Private Thomas Chambers, known as Tommy, was among almost 20,000 British soldiers killed on July 1, 1916, little more than three months after he had arrived in France from Ireland on what he described as his "adventures".
His short diary, around 16 pages and written mostly in pencil, gives an insight into the preparations for a battle the British were hopeful they could win, but which resulted in a huge loss of life.
The young soldier's great-niece Helen McComb, from Glenanne, said she was moved to tears reading the last words of her relative who set off for battle never to return.
Ms McComb, who came across the diary recently when she heard there was to be a display for the centenary at the local Orange lodge, said: "My mother read it to us and told us about Tommy when we were children, and the diary was put away for safekeeping.
"But I hadn't realised the importance until recently."
The 56-year-old added: "I got goosebumps reading it. I just felt really emotional. I cried reading the last page. But I'm very proud that we have it and am happy for others to be able to see it."
While Pvt Chambers' gravestone records his age as 19, the soldier was just 16 when he signed up to the Army and 17 when he died fighting with the 36th Ulster Division, painstaking research by local woman Hilary Singleton uncovered.
The solicitor checked census records and looked into the history of what was happening in France on the dates of each of the diary entries.
Ms Singleton, who has written a play telling the story of Chambers and the other young men from the village of Glenanne who fought and died at the Somme, said: "It actually felt incredible to hold a diary that a soldier had in his breast pocket 100 years ago. It's in excellent condition."
Detailing his training and preparations for battle, Pvt Chambers' diary describes noisy shellfire, and marks out one specific bombardment by the British of the German front line as "like Hell let loose".

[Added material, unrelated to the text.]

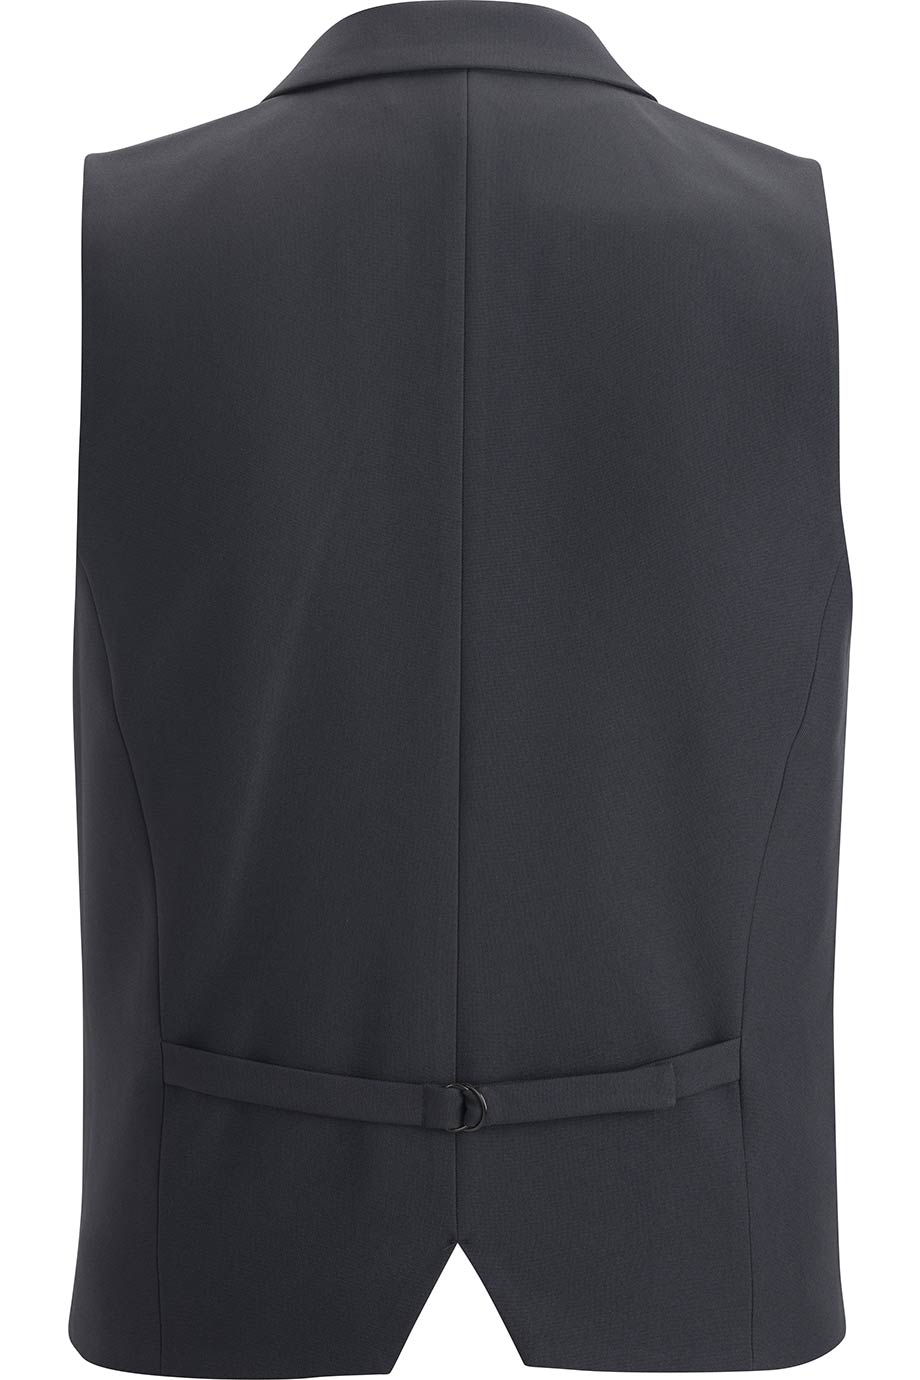 DRESS LAPEL VEST | Edwards Garment

His final diary entry is brief but particularly haunting, as it is the only one made by the young soldier at the beginning of a day.
He writes simply: "Left for trenches at 2am 1st July."
Ms Singleton, who transcribed the passages as part of her research, said: "There's something completely unique about that, because every other entry he wrote at the end of the day. This entry was looking forward to what was about to happen.
"He's leaving for the trenches. Why did he write it like that?
"I think he wrote it that way because he thought it was likely that he was going to be killed. He had that level of realisation."
In the weeks before Chambers and his comrades would go over the top of their trenches to face a hail of German fire the men played sport - something Sergeant Joseph Lowry's grandson Colin said was particularly poignant to read.
Sergeant Lowry, also from Glenanne, was wounded in the shoulder on the first day of battle, but was one of the lucky ones who survived.
On returning home to a lack of employment the soldier, who was awarded the Military Cross, became disillusioned and threw a number of his war decorations into a nearby lake, his grandson said.
After reading Pvt Chambers' diary Mr Lowry (57), whose grandfather is mentioned by Tommy as having been with him at a football match in early June, said: "He (Tommy) really was only just a boy - they all were.
"It really brings it all home. They were playing a football match, all comrades, and in a matter of days they had died. It's really sad. And for the community, it would have been a big loss to their village at that time."
The diary will go on display at the Royal Irish Fusiliers Museum in Armagh as part of its Somme exhibition.
Riveting account of life in front line
Private Thomas Chambers served with the Royal Irish Fusiliers as part of the 36th Ulster Division. The teenager kept a diary called ‘Adventures from my leaving’.
Here are some extracts.
On April 3, he wrote: “Revolly (sic) blew 5.30. Breakfast 6.30. Parade 7.45, then marched to the training camp about twelve miles away carrying our dinner, sometimes two hard cakes, a piece of cheese and tea. We returned to at 4.30 every evening and had dinner which was very little.”
On April 22 he wrote: “Guard. At 9 o’clock at night our artillery started to bombard the German front line and it was just like Hell let loose. Shells bursting round me and machine gun fire.”
On April 30 Pte Chambers told how he “went to a service conducted by Rev Hallyhan and took holy communion under shellfire”.
German bombardment into the early hours of May 7 killed Pte Chambers’ Company Sergeant. He wrote: “We all had to commence rapid fire. The shells were flying every way, that heavy you could not have heard yourself speak.”
In his last letter home, dated June 30, Pte Chambers told his family he was in “very fair form” and promised to “write soon again”.
His final diary entry reads: “Left for trenches at 2am, 1st July.”